Cheetah
Cheetah

Reputation: 14379

Is setting this reference thread safe?

I keep getting mixed answers as to whether this code is thread-safe or not. I am working in Java 8.

private final Object lock = new Object();
private volatile Object reference = null;

public Object getOrCompute(Supplier<Object> supplier) {
    if (reference == null) {
        synchronised(lock) {
            if (reference == null) {
                reference = supplier.get();
            }
        }
    }

    return reference;
}

My expectation is that given a new instance of this class, multiple calls to getOrCompute() will only ever result in one supplier being called and the result of that supplier being the result of all calls (and future calls) to getOrCompute().

Upvotes: 3

Views: 182

Answers (2)

biziclop
biziclop

Reputation: 49744

It is safe because whatever is done in supplier.get() must not be reordered with the assignment to reference. (Or to be more precise, it mustn't appear to be reordered when you do a volatile read of reference.)

The lock provides exclusivity and the volatile write/read semantics provide visibility.
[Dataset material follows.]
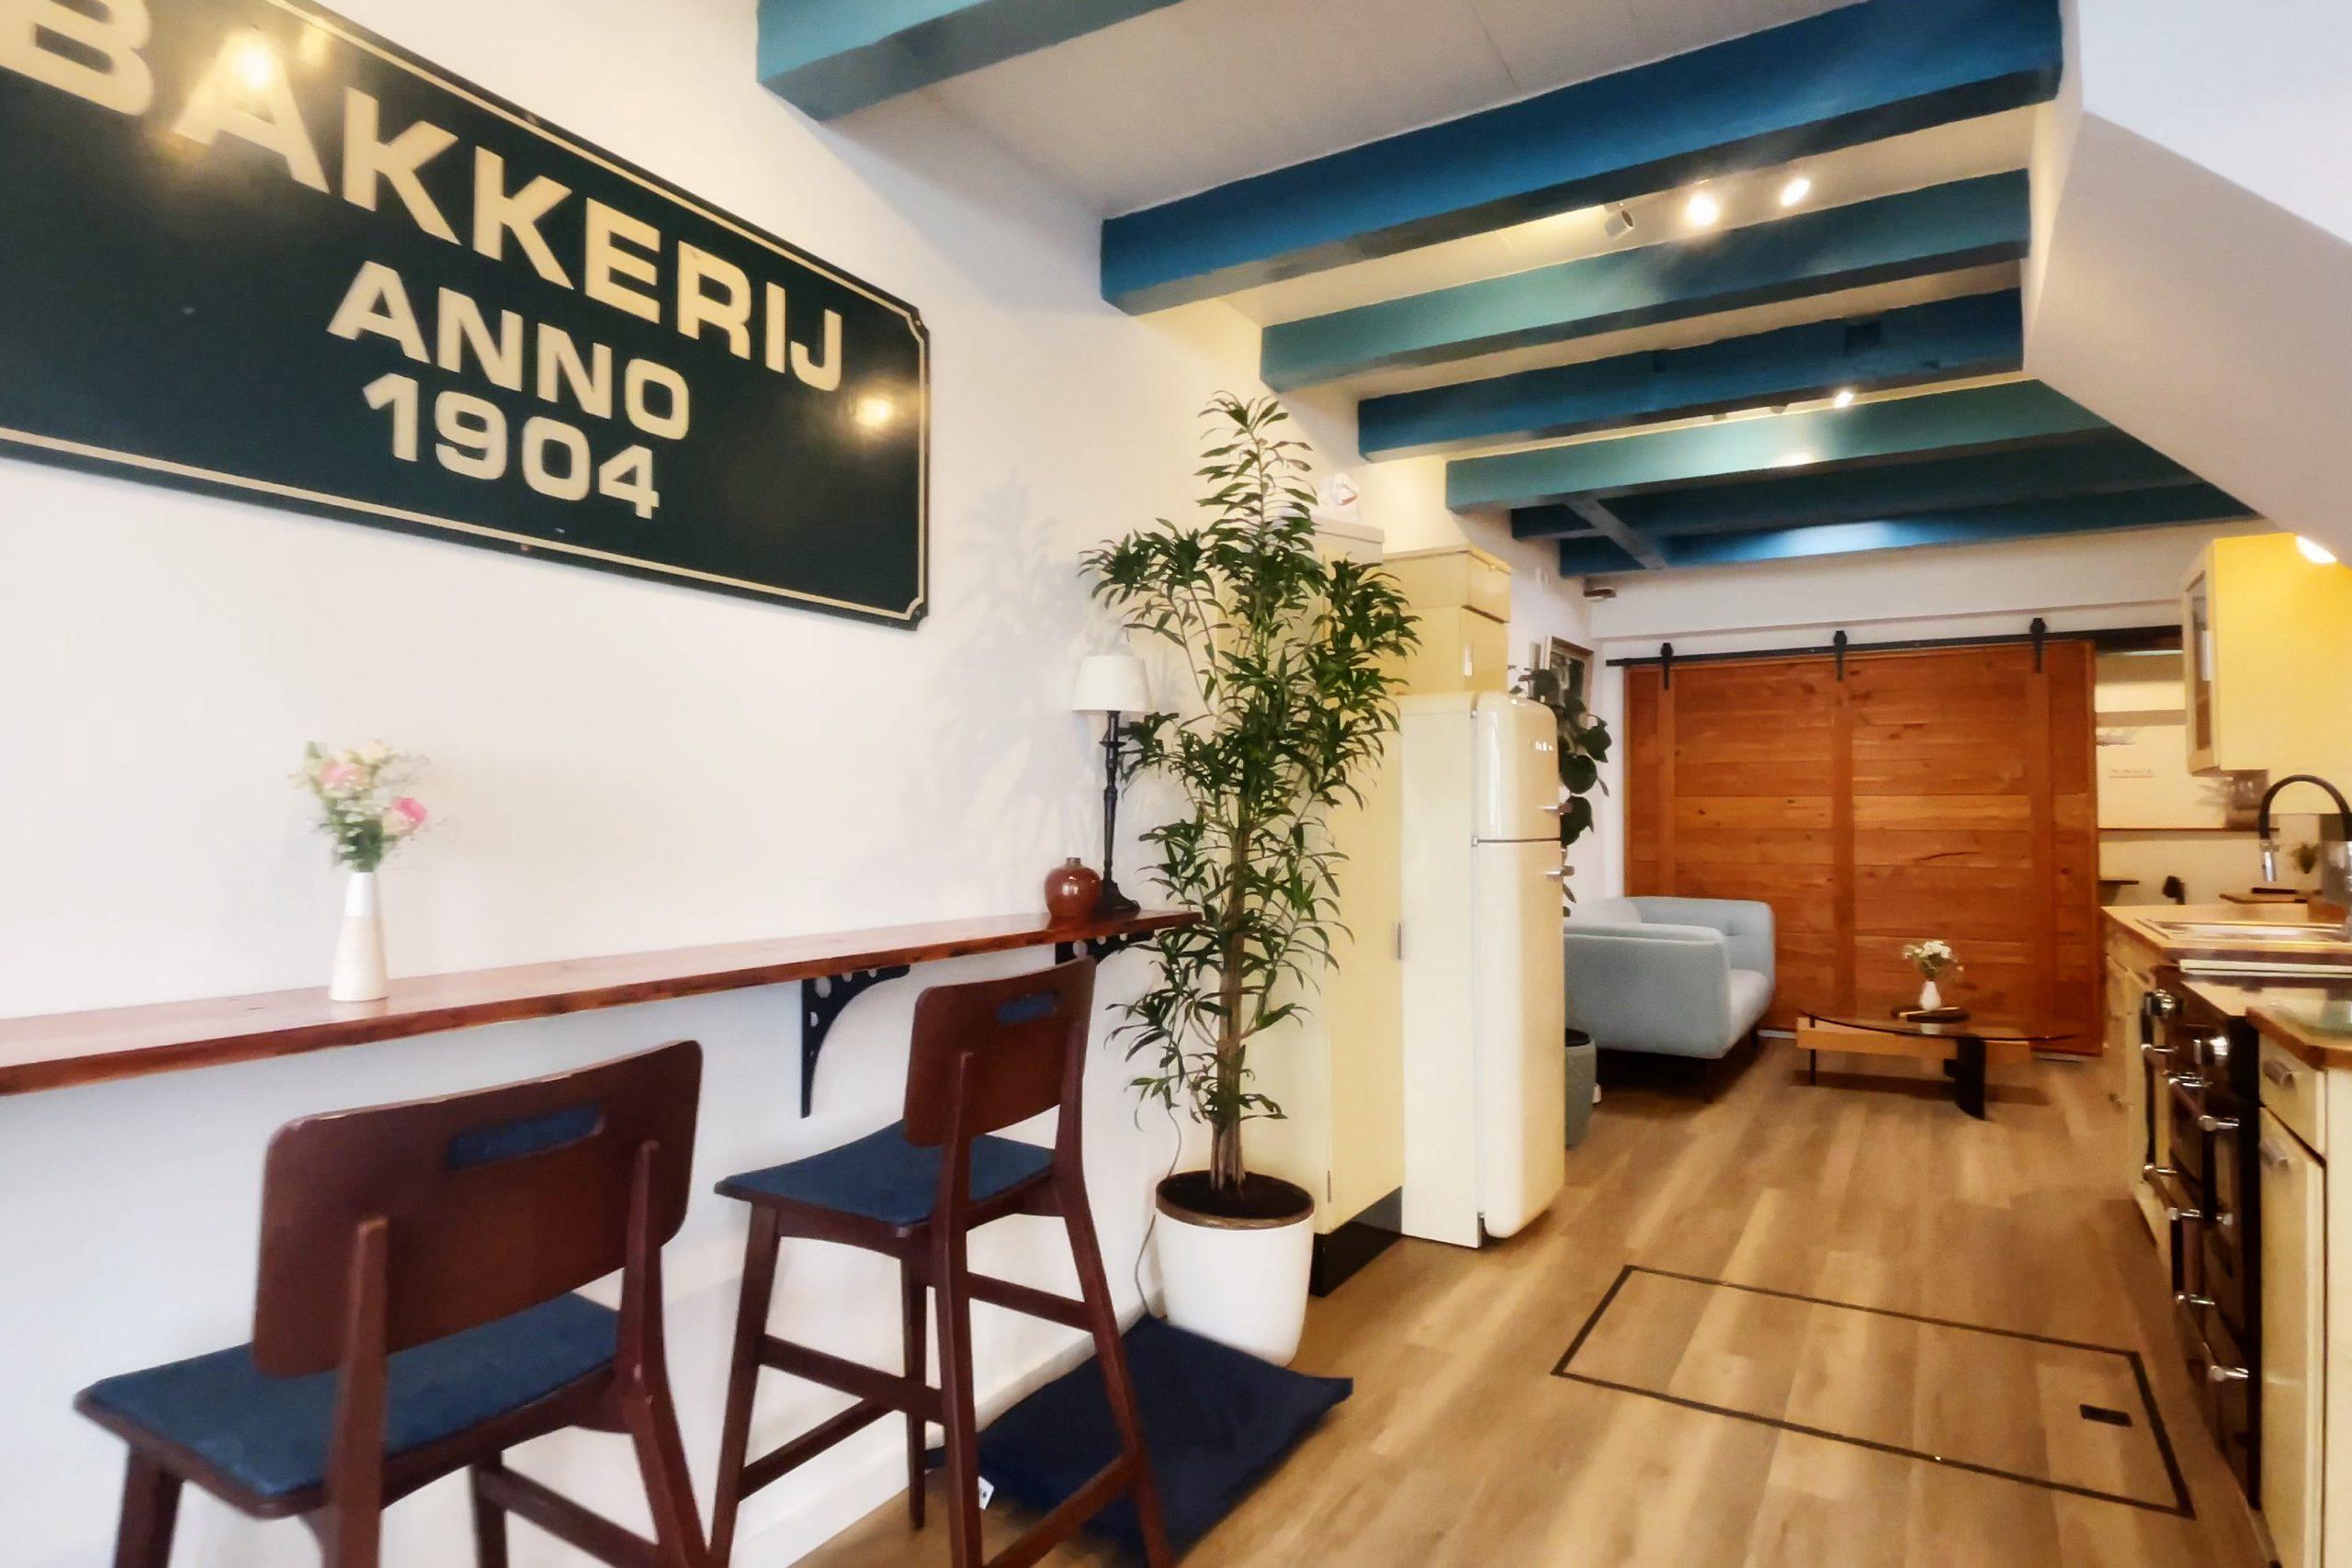 Lounge mit Küche, Tischen und Stühlen für Frühstück und Kaffeepause

Note that this has only been true since Java 5, which was released a long-long time ago, but you'll still find outdated articles on the Internet about how double-checked locking (for that's the official name of this idiom) isn't working. They were right at the time but they are obsolete now.

What can be unsafe though is the supplier itself, if it supplies a mutable object. But that's a different matter.

Upvotes: 3

Gemtastic
Gemtastic

Reputation: 6433

Synchronization is not thread safe. It's hindering the threads from accessing the object all at once, but it has no control over which thread gets it when or what it does with the object once it's gained access to it. Synchronization only limits access to one thread at the time, the thread that access it first get to access it first.

In this case, the only thing it does is preventing several threads to instantiate the object. If the object already is instantiated, it will be handed out to whatever thread wants it with no thread safety what so ever.

Imagine you have one thread accessing the method and instantiating the object, it retrieves it and while it's retrieving the object, another thread is trying to instantiate it, which it won't be allowed to since it exist so it can jump straight to retrieving the object, just like thread number one, these can now modify the object at the same time, ergo, not thread safe. But the instantiation of a new object is thread safe in the manner that the object can only be instantiated once.